Not surprisingly, mice with compromised immune systems require special care and housing compared to immune-competent animals. Like all laboratory mice, they should be maintained in specific pathogen-free (SPF) rooms that are carefully monitored for the presence of mouse pathogens. For immunodeficient mice, however, the barrier level – that is, the restrictions on which organisms are permitted in the room – needs to be higher.
The specific nature of the animals’ immune deficiencies will dictate what additional care is required. Many inbred strains, including NOD/ShiLtJ, SWR/J and A/J mice are C5 (hemolytic) complement deficient (Hc<0>), but these mice thrive under standard-barrier conditions. C3H/HeJ and C57BL/10ScN mice, which are deficient in Tlr4, also do well under relatively low-barrier conditions, but care must be taken to minimize their exposure to gram-negative bacteria such as Pseudomonas and Helicobacter since these mice are more susceptible to infection from these pathogens than other strains.

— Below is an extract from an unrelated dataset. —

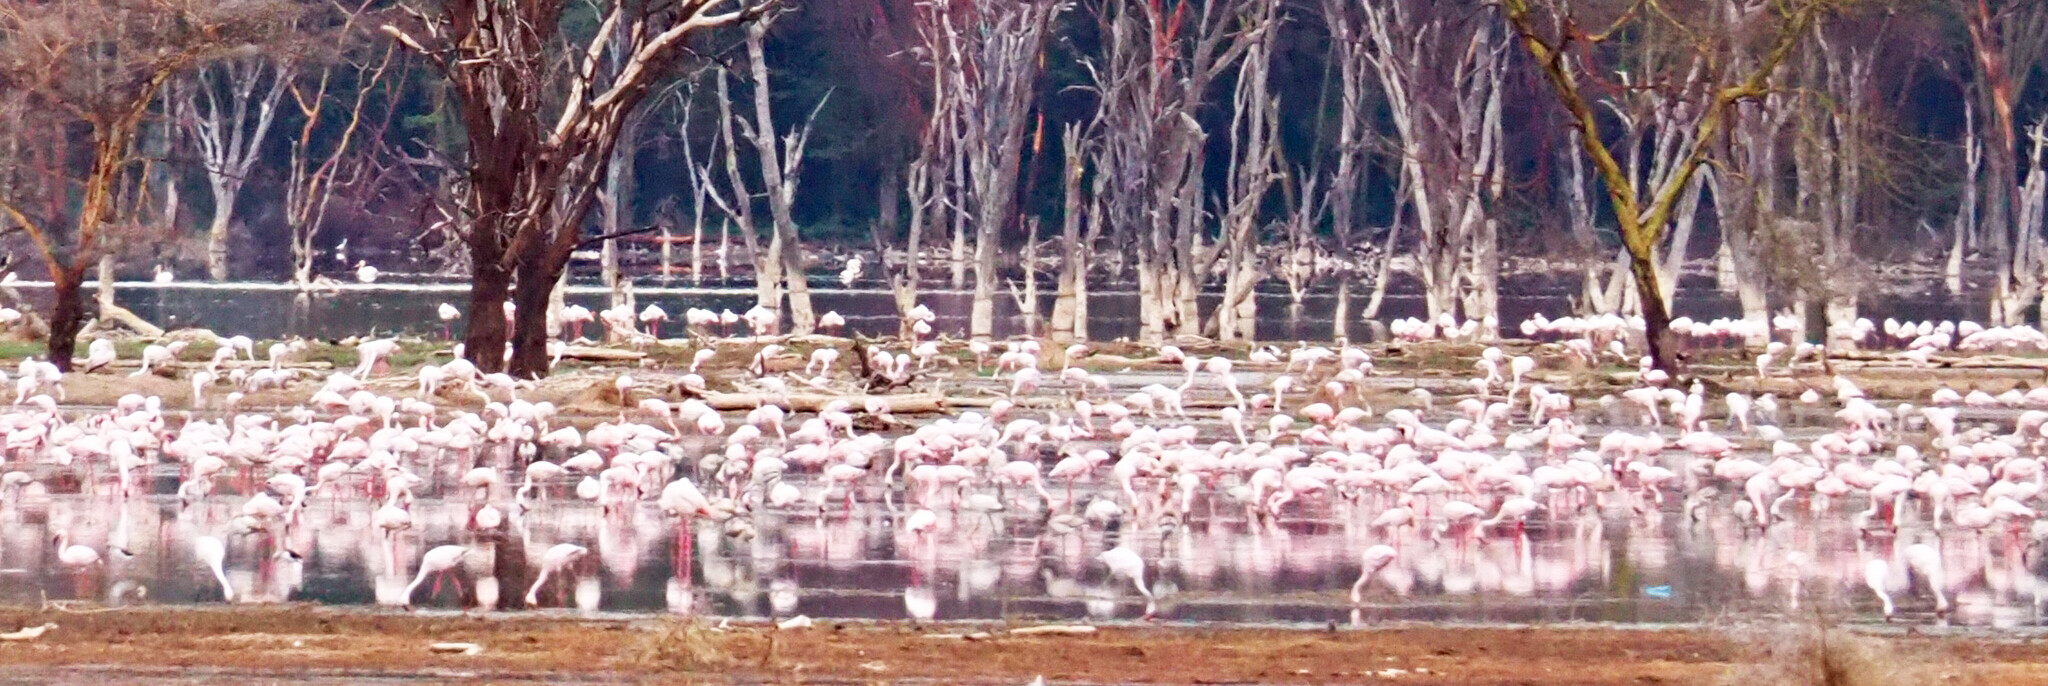 Reisebericht Kenia - Flamingos am Lake Nakuru
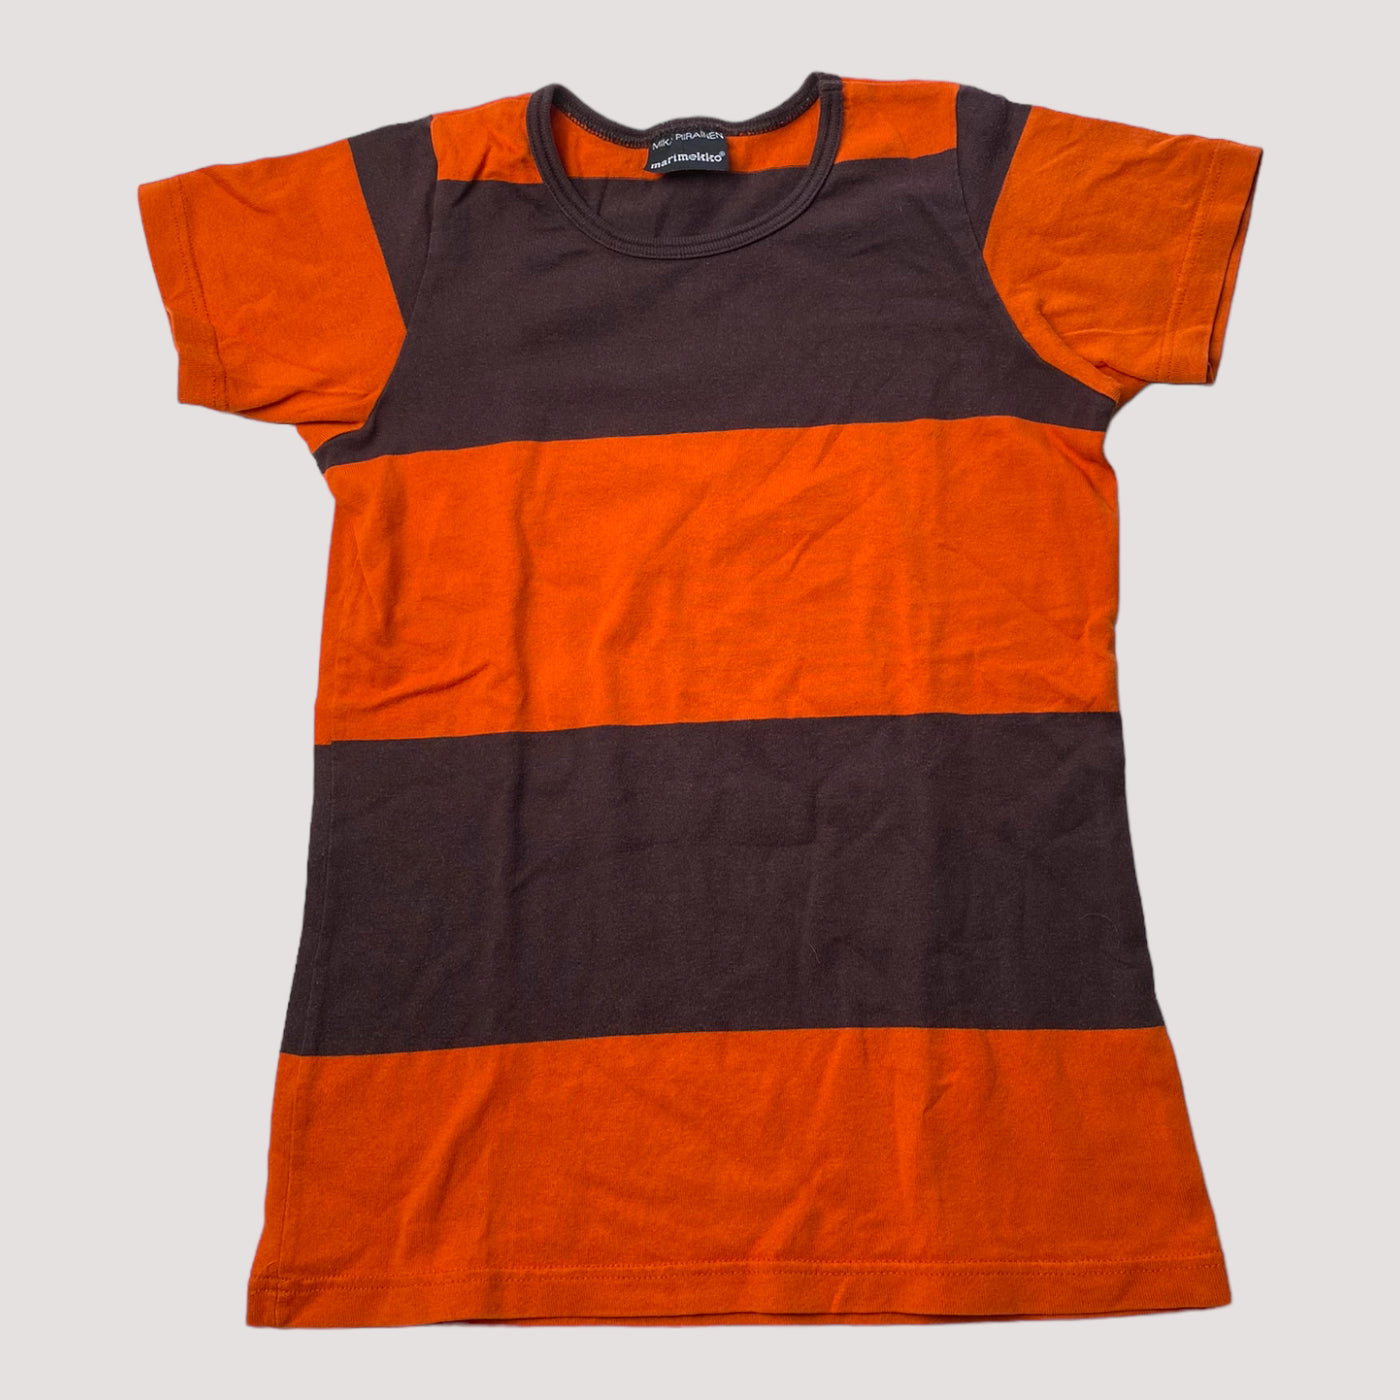 Marimekko t-shirt, chocolate / orange | 150cm

Severely immunocompromised mice, such as nude (Foxn1<nu>), scid (Prkdc<scid>), Rag1-deficient (Rag1<tm1Mom>) and NSG (NOD.Cg-Prkdc<scid> Il2rg<tm1Wjl>/SzJ (005557)) mutant mice require very high barriers that exclude most organisms that infect mice, including many that normally do not evoke clinical illness in immune-competent animals . In addition, T cell receptor (TCR) transgenic mice such as OT-1 (C57BL/6-Tg(TcraTcrb)1100Mjb/J (003831)) and OT-2 (B6.Cg-Tg(TcraTcrb)425Cbn/J (004194)) mice should be housed under high barrier conditions. Although they have functional B and T cells, the transgenes that they carry direct expression of rearranged TCRs, which limits the T cell-based immune responses to one or only a few antigens. TCR transgenic mice, therefore, are significantly immunocompromised.
At JAX, our production rooms are divided among three barrier levels – “standard,” “high” and “maximum.” Severely immunocompromised mice are housed in maximum-barrier facilities. Below are the conditions that we recommend for housing the most severely immune-compromised animals:
• Use microisolator (filter bonneted) or pressurized, individually ventilated cages (PIV/IVC).
• Sterilize or disinfect food, water, bedding, cages and anything that will come in contact with the mice. Water should be acidified to pH2.5-3.0 to control Psuedomonas species contamination.
• Only personnel involved in care of the mice should have access to the mouse room, and caretakers should wear personal, protective equipment – sterile scrubs, frocks, gloves, masks and hair coverings – at all times. All skin surfaces should be covered to prevent the spread of bacteria to the mice.
• Cages should be changed under a laminar flow hood. Hands should be disinfected after opening the cage lid, reaching within the cage, or removing your gloved hands from the hood. Disinfect the hood between changes.
• Change cages weekly to prevent the introduction of minimal-inoculating doses of opportunistic or commensal organisms in the cage environment.
In general, we do not recommend treating mice, even immunodeficient mice, with antibiotics prophylactically. Such treatments are unnecessary if proper barrier conditions are maintained and may encourage the development of resistant pathogens. Under circumstances in which immunocompromised mice must be housed in a lower-barrier facility, then prophylactic treatment might be considered. Consult with your facilities veterinary staff for their recommendations.
The conditions listed above are ideal for maintaining immunocompromised mice. But suitable high-barrier rooms may not be available at all facilities, and space shortages may require housing immunodeficient strains under less than ideal conditions. For a review of procedures for establishing and maintaining as germ-free an environment as possible without the use of a barrier facility, see: RS Sedlacek et al., 1980, Development and operation of a stable limited defined flora mouse colony. Pp 197-201 in Animal Quality and Models in Biomedical Research, A. Spiegel et al., eds. Proceedings of the 7th Symposium of the International Council for Laboratory Animal Science (ICLAS) held August 21-23, 1979 in Utrecht, The Netherlands. Stuttgart: Gustav Fischer Verlag.
Another overall great resource on the care and husbandry of immunodeficient mice is “Immunodeficient Rodents: A Guide to Their Immunology, Husbandry and Use.” With careful handling and attention to the above details, your immunodeficient mice should lead a healthy and disease-free life!